205 2015-03-30 13:27:18 <jonasschnelli> i played around some days with a possible spv mode for bitcoin-core. It doesn't look that hard. The question is more to use main.cpp as core logic or to start a spv.cpp...
206 2015-03-30 13:27:25 <wumpus> right, QLocalPipe or something like that
207 2015-03-30 13:27:37 <jonasschnelli> it would be nice to reuse the whole pow/reorg stuff
208 2015-03-30 13:27:46 <hearn> be careful
209 2015-03-30 13:28:00 <hearn> the bitcoinj wallet internally looks quite different to the Core wallet (bcj is more complicated). partly because you have to handle partial reorgs.
210 2015-03-30 13:28:07 <hearn> that is, you know a re-org occurred but you don't see all transactions
211 2015-03-30 13:28:16 <hearn> you also don't have a full mempool
212 2015-03-30 13:28:30 <hearn> and if you want to be able to properly handle double spends and the like in this environment, well, it's a bit painful.
213 2015-03-30 13:29:28 <hearn> btw i am slowly rewriting the bcj wallet to try and make it work entirely in terms of outputs and tx hashes. no actual transactions stored anywhere (we are not there yet, it's a slow refactoring)
214 2015-03-30 13:29:43 <hearn> the reason is some users receive absurd quantities of giant transactions and then their wallets get big fat and slow. and then they whinge :)
215 2015-03-30 13:31:06 <jcorgan> i had once come to the conclusion that one could implement the full capability of a wallet using the existing RPC interface, with the exception of asynchronous notification of incoming transactions and reorgs, and the latter could be done by a simple ZMQ channel.
216 2015-03-30 13:31:18 <jcorgan> the delta in bitcoind to support that is very small.
217 2015-03-30 13:31:39 <jcorgan> it seemed an unpopular idea, however.
218 2015-03-30 13:31:41 <wumpus> you could do it all over P2P
219 2015-03-30 13:32:21 <jcorgan> you could do it all by hand crafting Ethernet packets; but why require someone to re-implement that low-level of code?
220 2015-03-30 13:32:33 <wumpus> it clear that that would work, but the point is, you don't *need* an extra channel, it would unnecessarily bind it to a full node
221 2015-03-30 13:32:56 <hearn> does anyone have contact details for coinify.com?
222 2015-03-30 13:33:11 <wumpus> you don't need to reimplement it, the code exists already
223 2015-03-30 13:36:27 <petertodd> hearn: is this urgent? I probably have it in my business card pile at home
224 2015-03-30 13:36:31 <hearn> it's not urgent
225 2015-03-30 13:36:36 <hearn> i probably have it in my pile too :) i am just being lazy
226 2015-03-30 13:38:18 <jcorgan> you'd still need to design your application logic as a layer on top of a "P2P-node" library.  i'd expect that to be more work than RPC calls and about five lines to listen on a ZMQ socket.

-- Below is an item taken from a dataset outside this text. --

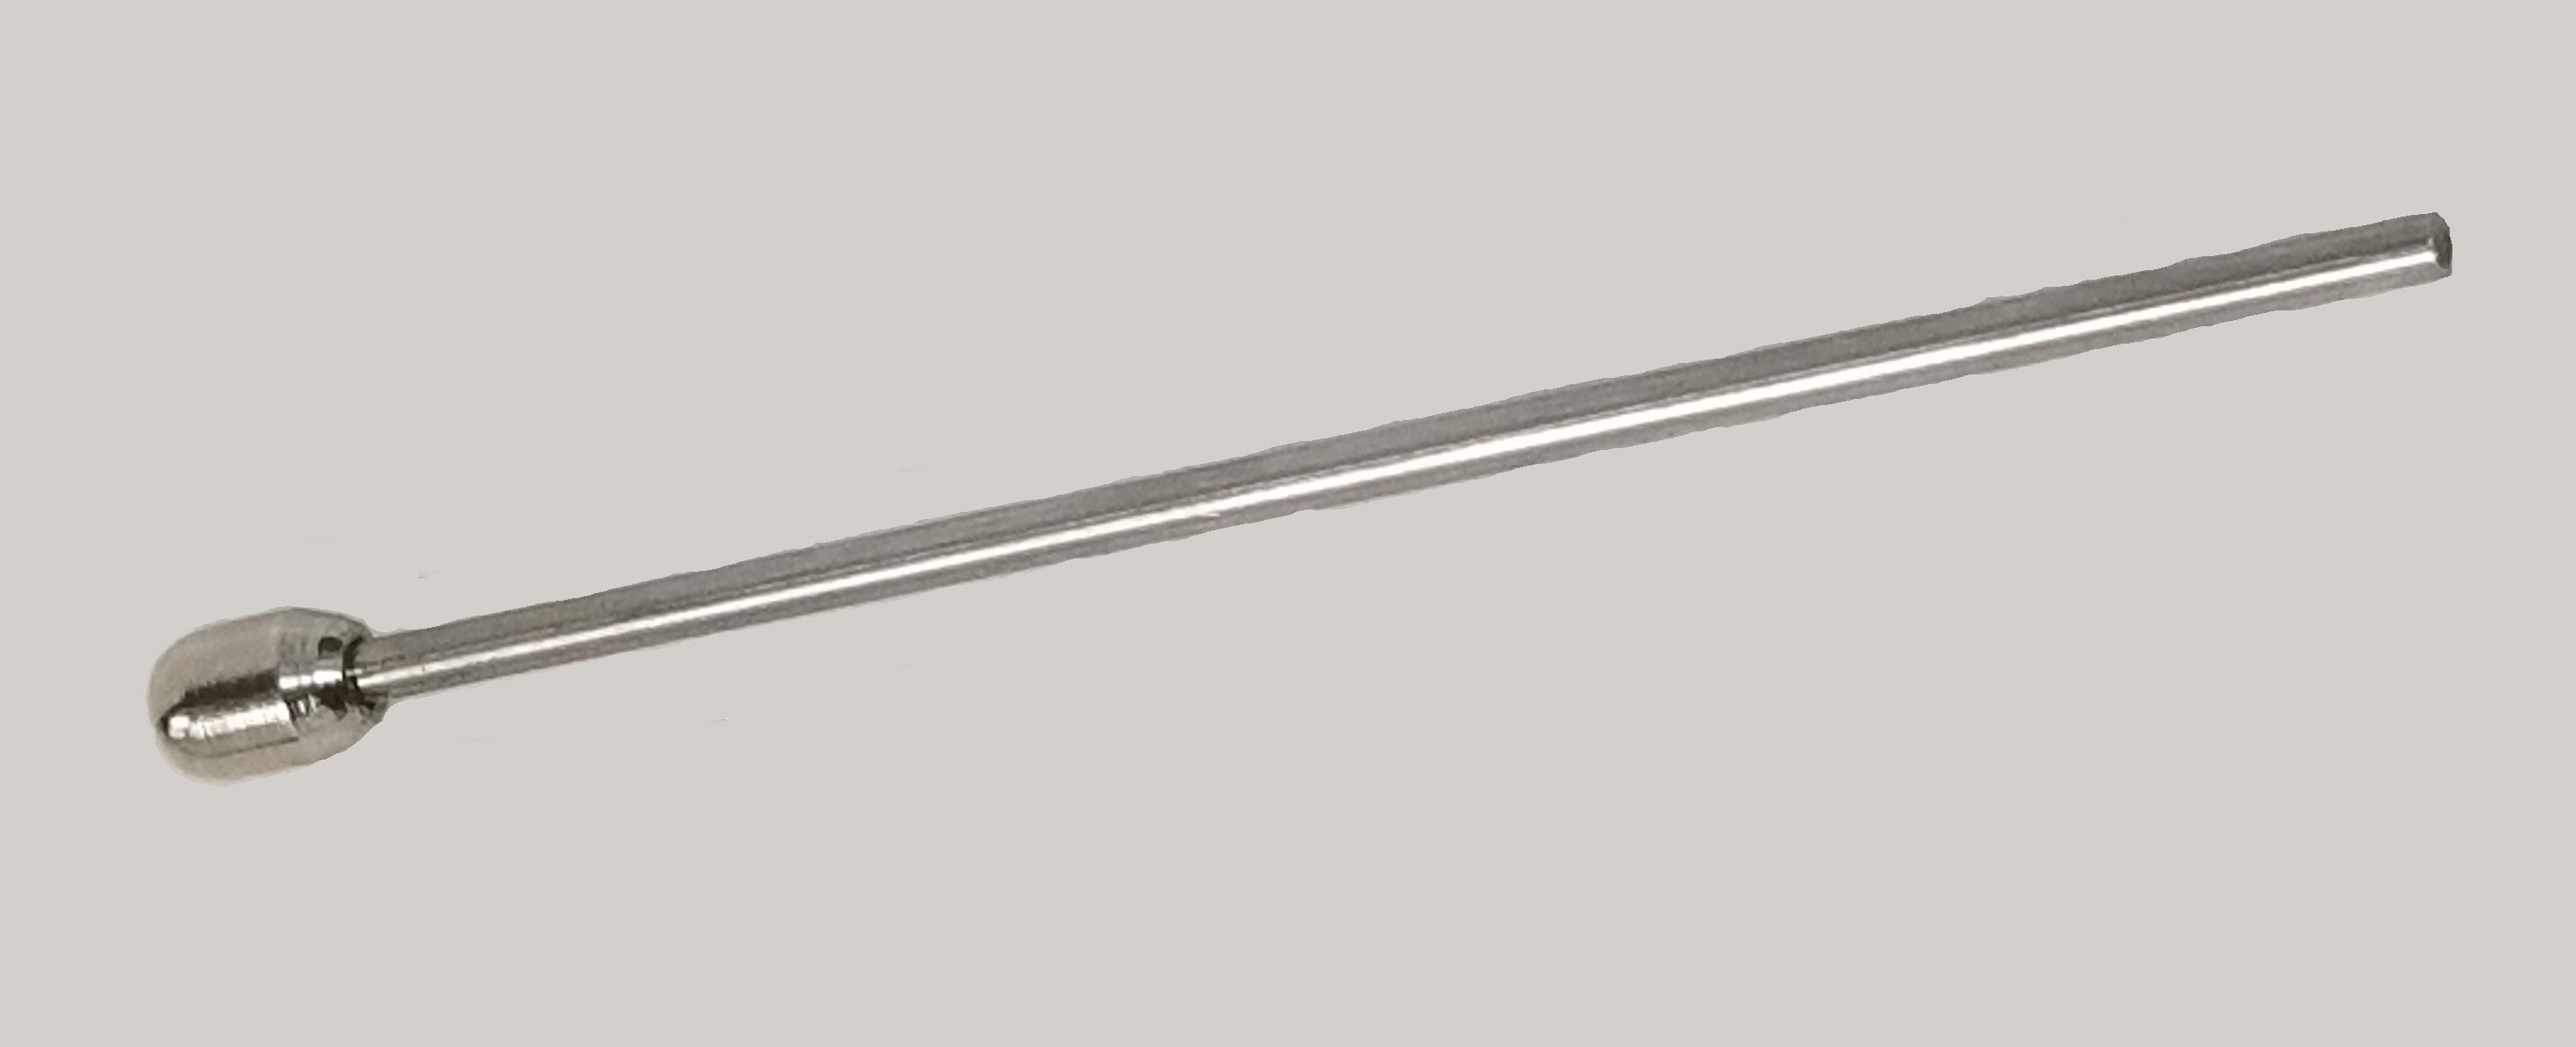 44493 - K40 Power Whip Tip

227 2015-03-30 13:38:22 <wumpus> jcorgan: that idea would be to offer CValidationInterface notifications over a local pipe; sure, then you can move the wallet to a separate process, which is an improvement from a modularity point, but it doesn't help you run bitcoin core as SPV wallet , or start as a SPV wallet and backfill into a full node, as seems to be requested a lot
228 2015-03-30 13:39:23 <jcorgan> my use case would be to leave bitcoind as a full-node "border router", then you could have any number of wallets running behind it talking RPC and ZMQ.
229 2015-03-30 13:40:09 <wumpus> sure sure but the same is possible with a SPV wallet already, without having to use a 'proprietary' interface
230 2015-03-30 13:40:56 <wumpus> (bascially it's just the electrum idea)
231 2015-03-30 13:41:05 <petertodd> jcorgan: amir taaki's libbitcoin uses ZMQ fwiw
232 2015-03-30 13:41:09 <wumpus> many setups use electrum + a local electrum server
233 2015-03-30 13:41:14 <jcorgan> perhaps it is just a matter of perspective.  it seems that requiring a wallet to use SPV to talk to a trusted node is a artificially high barrier to writing a wallet
234 2015-03-30 13:41:26 <jcorgan> petertodd: yes, i've seen it
235 2015-03-30 13:41:32 <wumpus> writing a wallet is easy with bitcoinj
236 2015-03-30 13:41:38 <wumpus> (well, not easy but...)
237 2015-03-30 13:41:55 <hearn> it's pretty easy. there's a class called WalletAppKit. you instantiate that, call start and you have a synced spv wallet.
238 2015-03-30 13:42:06 <hearn> as long as your preferred language runs on the jvm you are good to go
239 2015-03-30 13:42:29 <hearn> if you want to use C, C++, Objective-C, Go or Rust or other languages that don't have a JVM equivalent then you're back to needing manual binding goop
240 2015-03-30 13:42:33 <buZz> your preferred java
241 2015-03-30 13:43:11 <hearn> nah, lots of languages run on the JVM these days. you can use javascript, python, ruby, a dialect of haskell, scala, kotlin, R ....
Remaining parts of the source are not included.